No entanto, segundo Al-Marri, o código sozinho não pode anular séculos de jurisprudência marítima estabelecida.
Um contrato inteligente não pode ser executado fisicamente contra um navio. A execução legal ainda depende de direitos de propriedade reconhecidos, documentos de garantia e os tribunais. O navio é propriedade de uma SPV dedicada, e os registros legais, corporativos e de blockchain devem refletir idênticos direitos dos investidores.
Embora contratos inteligentes possam automatizar pausas administrativas ou suspender transferências na cadeia, reivindicações físicas—como a apreensão ou venda de um navio—ainda exigem tribunais marítimos tradicionais, hipotecas navais e leis do estado de bandeira.
Superando a atrito na documentação de negociação
Além da propriedade fracionária, o transporte global continua prejudicado por burocracia. Apesar de bilhões perdidos anualmente devido a atrasos baseados em papel, taxas de demora e atritos na financiamento comercial, a indústria tem dificuldade em adotar universalmente conhecimentos de embarque digitais. Para Al-Marri, o gargalo é legal, e não técnico.
O maior desafio é fazer com que governos, bancos, operadoras, seguradoras, autoridades aduaneiras e proprietários de cargas aceitem os mesmos padrões legais e operacionais. Um conhecimento de embarque é mais do que um recibo—representa a propriedade da carga e serve como garantia para bancos.
Substituir a fragmentação em papel por silos digitais—onde as plataformas operam de forma isolada—não resolve a questão central. A verdadeira transformação digital exige reconhecimento legal global e padrões abertos e transfronteiriços.
Enquanto os assentamentos em stablecoin 24/7 oferecem liquidez imediata, Al-Marri descarta a ideia de que contratos inteligentes substituirão completamente as Cartas de Crédito tradicionais (LCs). O transporte, ele observa, envolve contingências complexas do mundo real que redes de pagamento simples não conseguem resolver.
Uma Carta de Crédito fornece o compromisso de um banco regulamentado de pagar quando as condições documentais forem atendidas. As stablecoins aceleram a execução do pagamento, mas o envio depende de verificações físicas: se a carga foi carregada corretamente, se a qualidade atende aos padrões, se os documentos são autênticos e se sanções se aplicam.
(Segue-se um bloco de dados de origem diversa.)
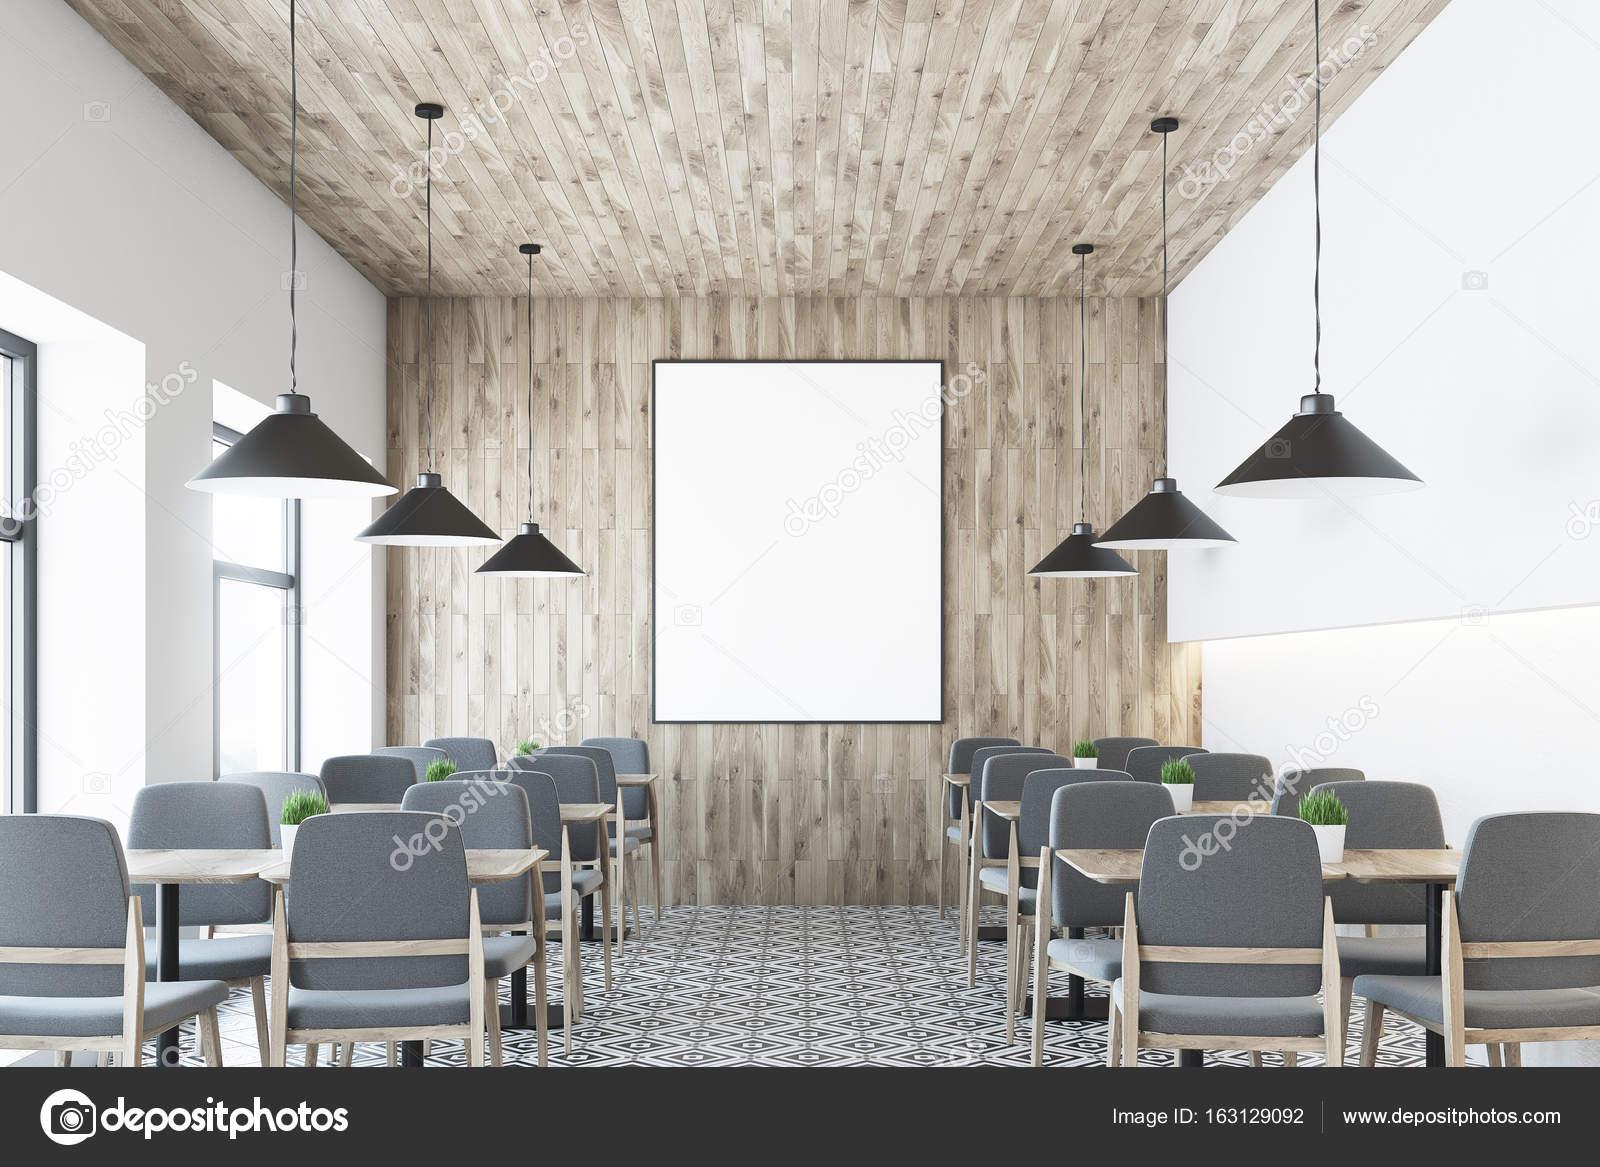 Soffitti In Legno Bianchi : Travi in legno bianche esempi spettacolari e moderni

Em vez de um deslocamento total de criptomoedas, a Ethra de Al-Marri defende um modelo híbrido—combinando documentos comerciais eletrônicos e liquidações programáveis com o respaldo legal de instituições financeiras regulamentadas.
O desafio final do setor marítimo reside em alcançar emissões líquidas zero até 2050. A transição para combustíveis limpos, como amônia verde, metanol e hidrogênio, exige capital inicial massivo para tecnologias de propulsão não comprovadas e infraestrutura portuária emergente.
Para gestores de capital privado, financiar essa transição exige equilibrar os imperativos ambientais com a preservação de capital.
“A descarbonização é claramente a direção a ser seguida, mas devemos ser realistas”, observa Al-Marri. “Não seria responsável expor os investidores a todos esses riscos de uma vez. Avaliamos a visão completa: tecnologia dos navios, disponibilidade de combustível nas rotas, aprovações de segurança, requisitos da tripulação, custos operacionais e valor de revenda.”
Para proteger o capital enquanto financia frotas limpas, a Ethra Invest conta com subscrição conservadora, contratos de longo prazo, capacidade de combustível dual e SPVs isolados.
“O investimento deve funcionar sob suposições conservadoras,” enfatiza Al-Marri. “Nós não apoiamos projetos que só são lucrativos se os preços do combustível, as regulamentações de carbono e os subsídios todos se moverem a seu favor.”
Ao combinar gestão de riscos pragmática com infraestrutura digital, líderes como Saeed Bin Saleh Al-Marri estão demonstrando que a evolução da finança marítima vai além de trazer navios para a blockchain—é sobre mobilizar capital para construir uma frota global modernizada e sustentável.